Diffstat (limited to 'tools/perf/Documentation/perf-diff.txt')
-rw-r--r--tools/perf/Documentation/perf-diff.txt305
1 files changed, 305 insertions, 0 deletions
diff --git a/tools/perf/Documentation/perf-diff.txt b/tools/perf/Documentation/perf-diff.txt
new file mode 100644
index 000000000..f3067a4af
--- /dev/null
+++ b/tools/perf/Documentation/perf-diff.txt
@@ -0,0 +1,305 @@
+perf-diff(1)
+============
+
+NAME
+----
+perf-diff - Read perf.data files and display the differential profile
+
+SYNOPSIS
+--------
+[verse]
+'perf diff' [baseline file] [data file1] [[data file2] ... ]
+
+DESCRIPTION
+-----------
+This command displays the performance difference amongst two or more perf.data
+files captured via perf record.
+
+If no parameters are passed it will assume perf.data.old and perf.data.
+
+The differential profile is displayed only for events matching both
+specified perf.data files.
+
+If no parameters are passed the samples will be sorted by dso and symbol.
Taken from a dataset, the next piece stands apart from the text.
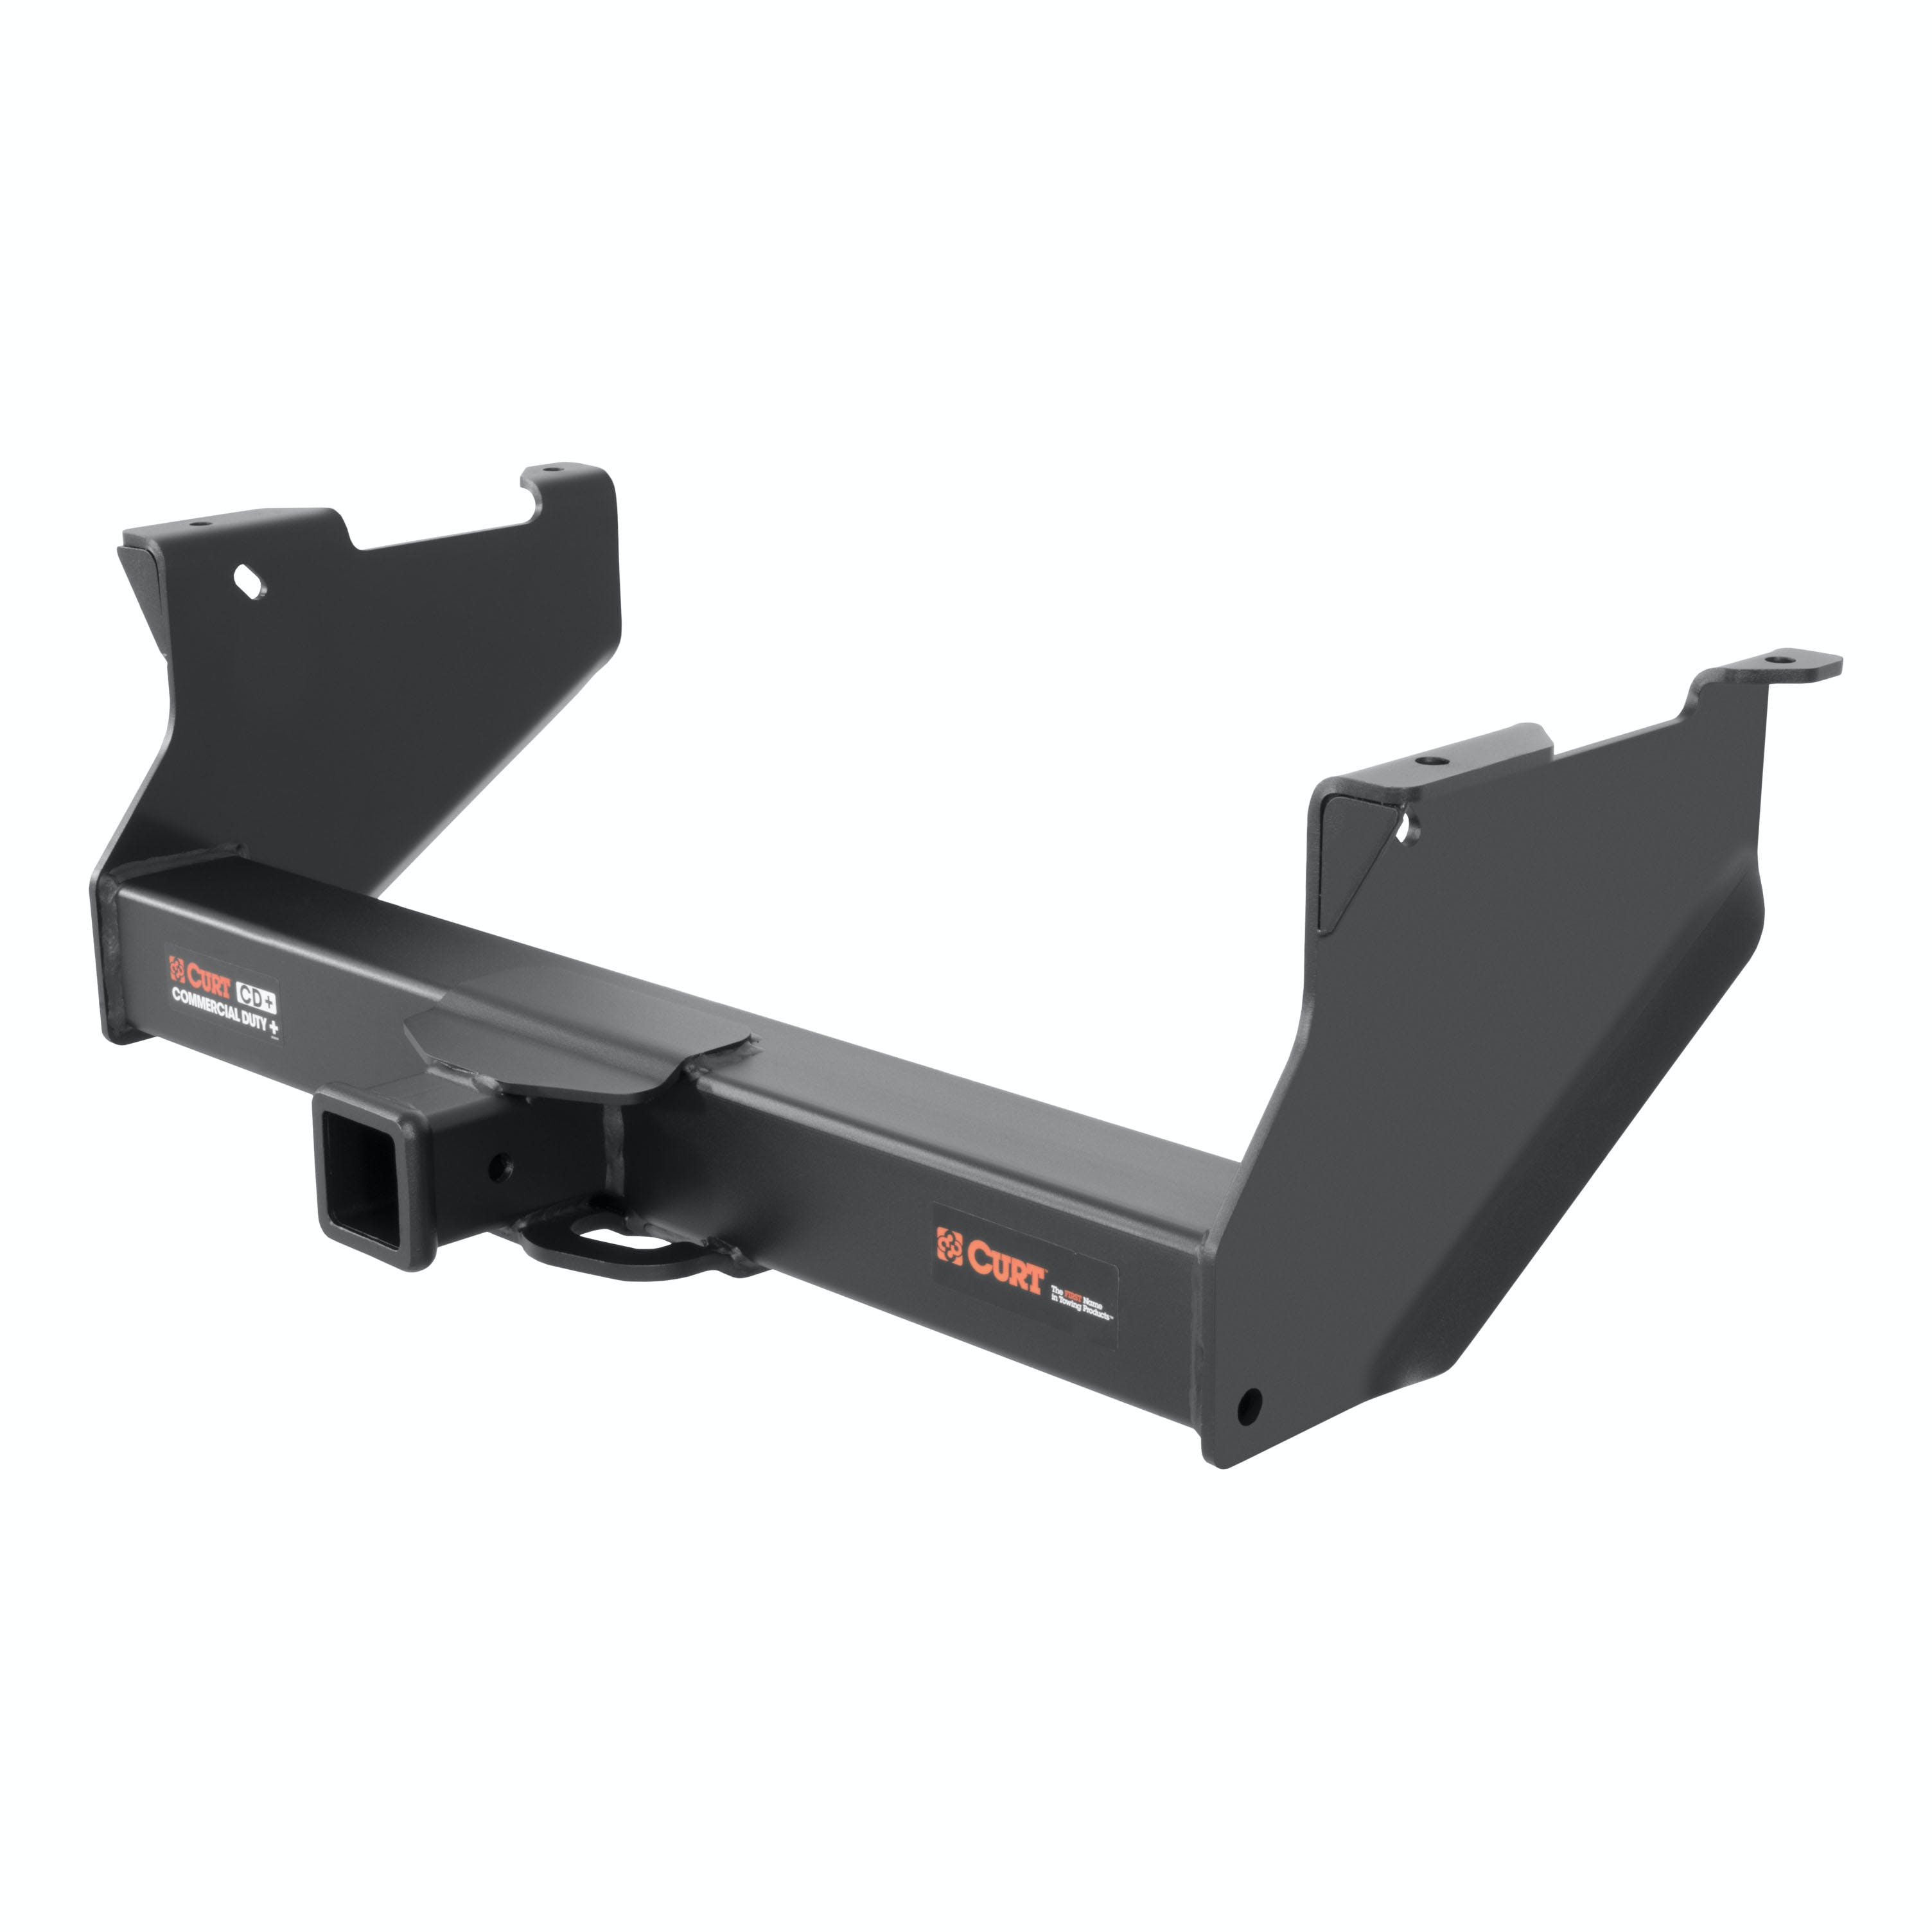 CURT 15801 Commercial Duty Class 5 Trailer Hitch, 2-1/2 Receiver, Select Ram 2500, 3500
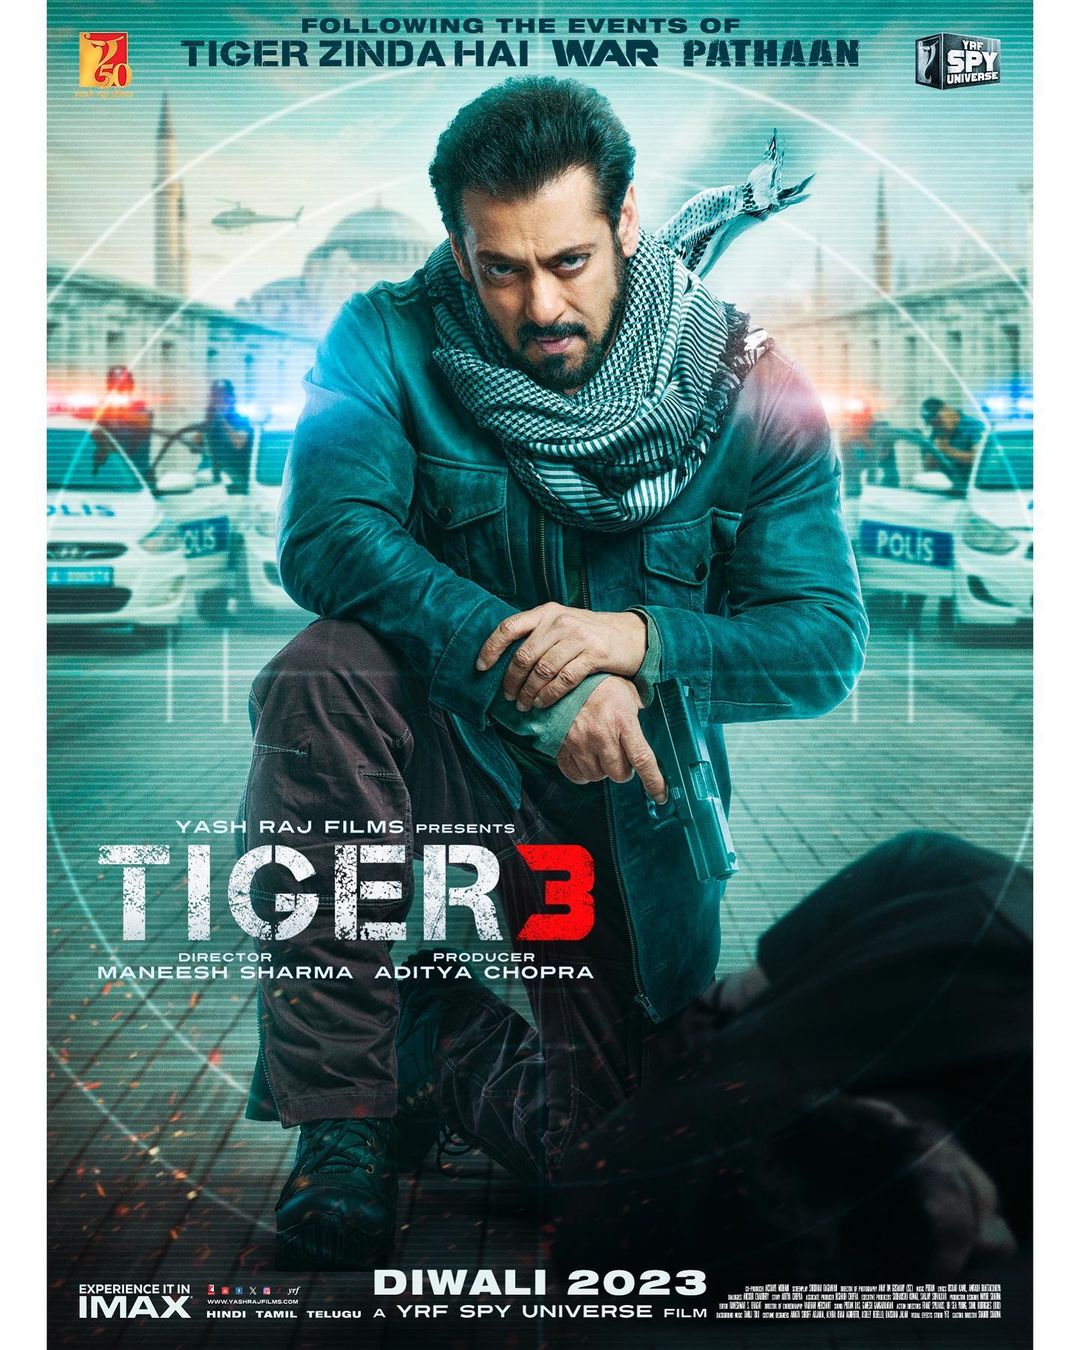 Ahead of trailer release, Salman Khan treats fans with Tiger 3 new poster

+As the perf.data files could come from different binaries, the symbols addresses
+could vary. So perf diff is based on the comparison of the files and
+symbols name.
+
+OPTIONS
+-------
+-D::
+--dump-raw-trace::
+ Dump raw trace in ASCII.
+
+--kallsyms=<file>::
+ kallsyms pathname
+
+-m::
+--modules::
+ Load module symbols. WARNING: use only with -k and LIVE kernel
+
+-d::
+--dsos=::
+ Only consider symbols in these dsos. CSV that understands
+ file://filename entries. This option will affect the percentage
+ of the Baseline/Delta column. See --percentage for more info.
+
+-C::
+--comms=::
+ Only consider symbols in these comms. CSV that understands
+ file://filename entries. This option will affect the percentage
+ of the Baseline/Delta column. See --percentage for more info.
+
+-S::
+--symbols=::
+ Only consider these symbols. CSV that understands
+ file://filename entries. This option will affect the percentage
+ of the Baseline/Delta column. See --percentage for more info.
+
+-s::
+--sort=::
+ Sort by key(s): pid, comm, dso, symbol, cpu, parent, srcline.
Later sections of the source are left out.